Are html tags allowed within meta tags? Specifically, if I have html
tags within a <definition> tag within XML, can I use the definition as
the content within the <meta content="description> tag? If not, is
there an easy way to strip the html tags from the <definition> content
before inserting the content into the meta tag?

Jul 20 '05 #1
5 3714
Donald Firesmith wrote:
Are html tags allowed within meta tags? Specifically, if I have html
tags within a <definition> tag within XML, can I use the definition as
the content within the <meta content="description> tag? If not, is
there an easy way to strip the html tags from the <definition> content
before inserting the content into the meta tag?


An attribute cannot contain elements, you can easily extract the text
only by using

<xsl:value-of select="normalize-space(description)" />

--
Klaus Johannes Rusch
Kl********@atmedia.net
http://www.atmedia.net/KlausRusch/
Jul 20 '05 #2
On Wed, 05 Jan 2005 02:35:46 -0500, Donald Firesmith
<do**************@hotmail.com> wrote:
Are html tags allowed within meta tags?
Learn the difference between tags, elements and attributes.

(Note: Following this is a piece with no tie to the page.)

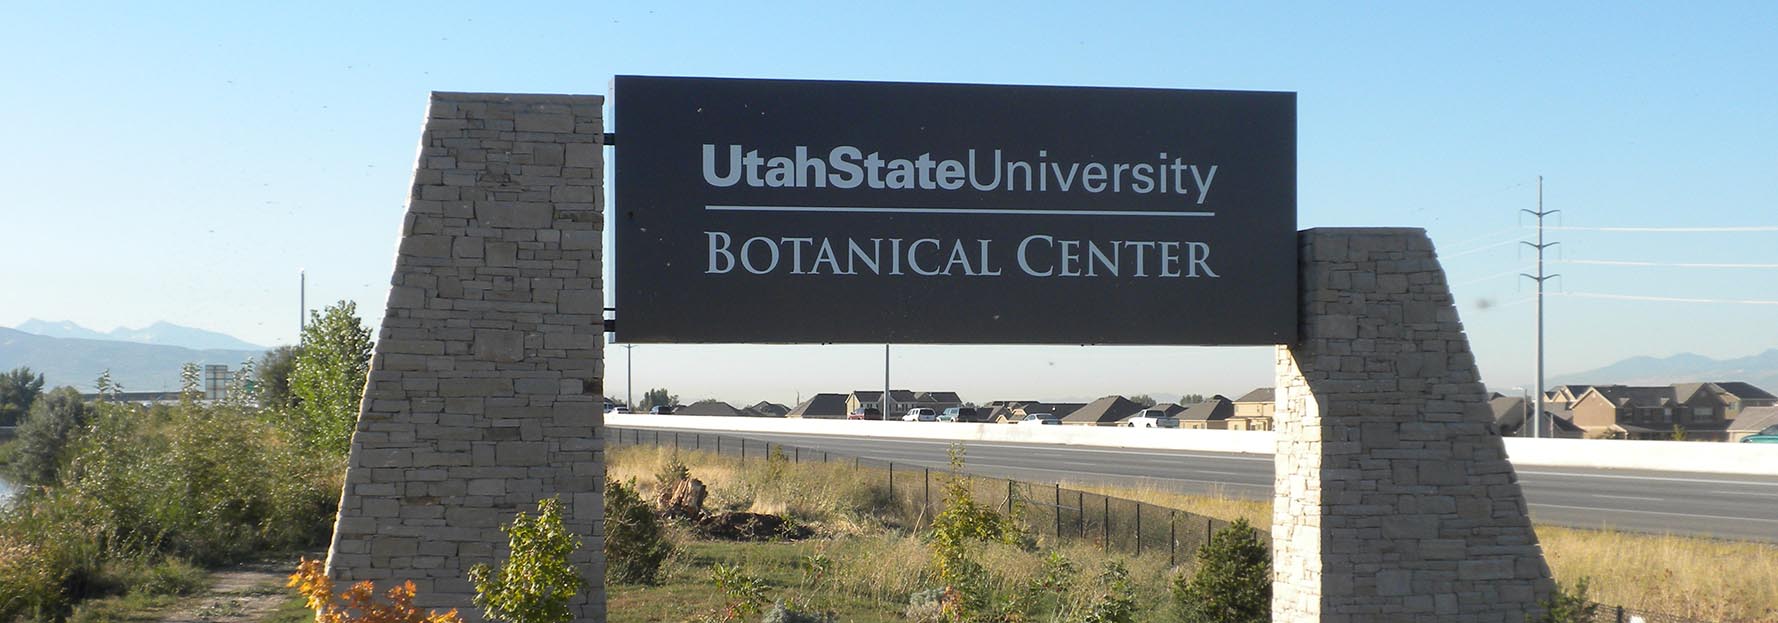 Utah State University Botanical Center Sign

Specifically, if I have html
tags within a <definition> tag within XML, can I use the definition as
the content within the <meta content="description> tag?


Let's rephrase that as "Can I represent the content of one element as
the content of an attribute of another element ?"

In that case, then yes you can - with the proviso that you need to be
careful about the meaning of "represent". The content models of
elements and attributes are different, so you can't just "place" that
of any element into an attribute, as it might contain the "<>"
characters that mark out a tag (and are not permitted in attributes).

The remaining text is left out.